The ability to build computing systems that can observe, understand and act on human activity has long been a goal of computing research. Such systems could have profound conceptual and practical implications. Since the ability to reason and act based on activity is one of the central aspects of human intelligence, from a conceptual viewpoint such a system could cast light on computational models of intelligence. More tangibly, perhaps, machines that reason about human activity could aid humans in aspects of their lives that are today considered outside the domain of machines.
Most existing activity mining approaches indeed take uncertainties into account, but they do not consider the rich relations among people and objects that exist in the real world. STREAM’s goal was to develop formalisms, models, and algorithms for effective and robust statistical relational activity mining that enables one to develop socio-cognitive aware systems and to apply them on significant real-life applications. To this aim STREAM develop statistical relational learning methods using a Fraunhofer ATTRACT fellowship.
One of the key open questions of artificial intelligence concerns "probabilistic logic learning", i.e.the integration of probabilistic reasoning, with first order logic representations and machine learning. The overall goal of the APrIL II project is therefore to develop a sound theoretical understanding of "probabilistic logic learning" that enables one to develop effective probabilistic logic learning systems and to apply them on significant real-life applications.

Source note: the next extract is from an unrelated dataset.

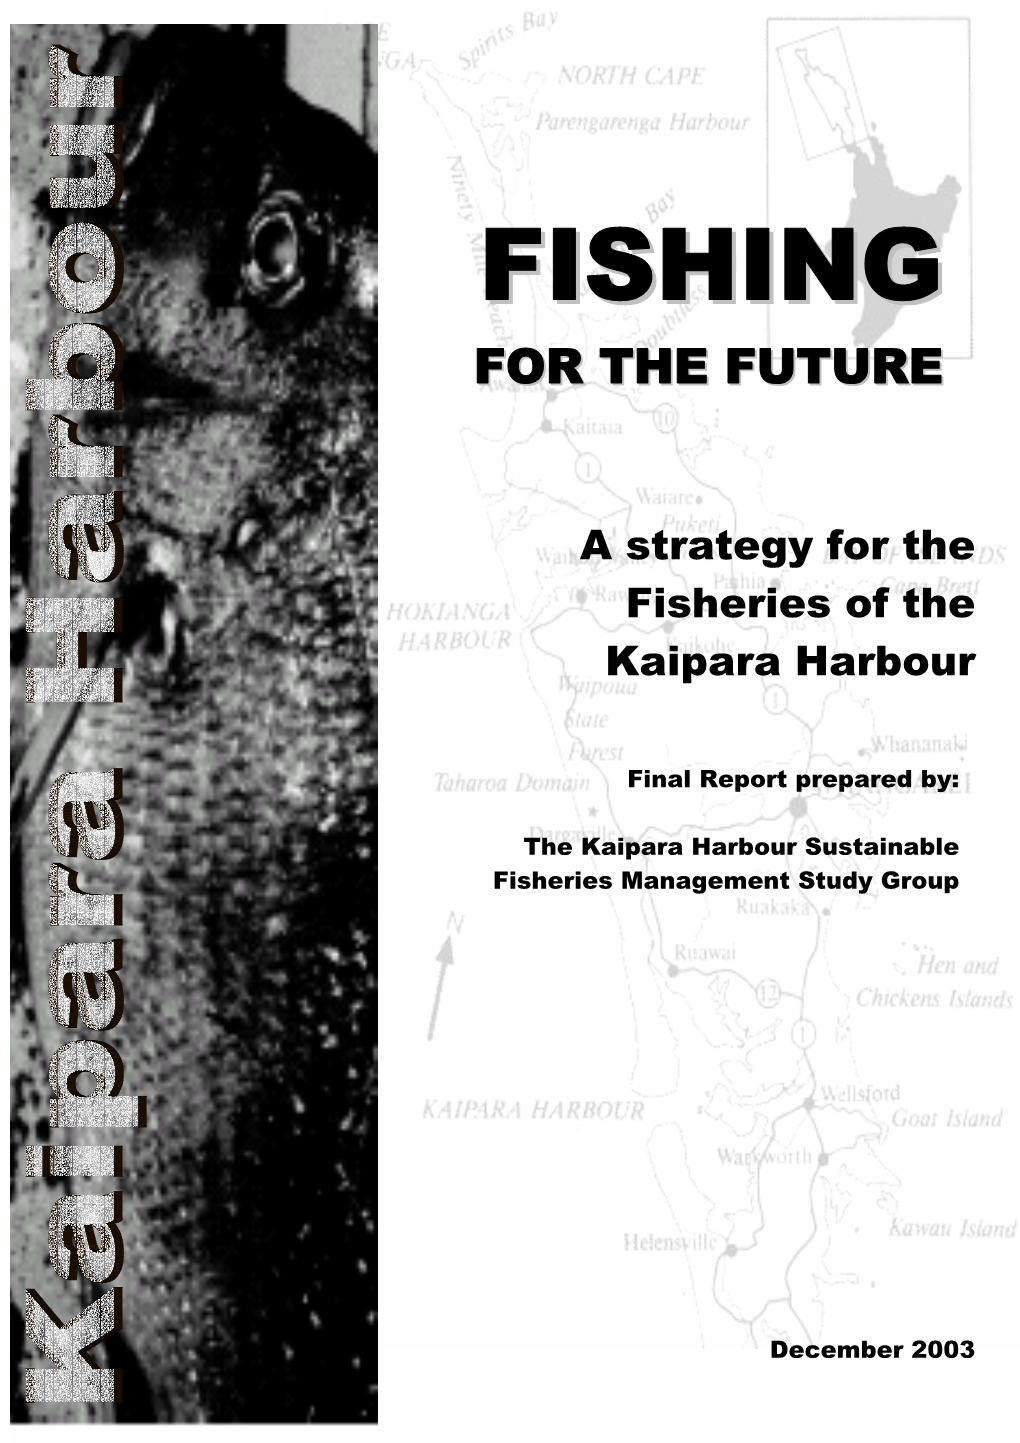 Kaipara Harbour Fishing for the Future

To realize this aim, the APrIL II consortium will (1) develop a number of significant "show-case" applications of "probabilistic logic learning" in the area of bio-informatics, more specifically, concerning protein folding, metabolic pathways, and genetics.(2) develop the needed theory, probabilistic representations, learning algorithms and systems for learning interesting probabilistic logic models in real-life applications on the basis of data. The methodology applied is that of the field of inductive logic programming, which explains the title of the project.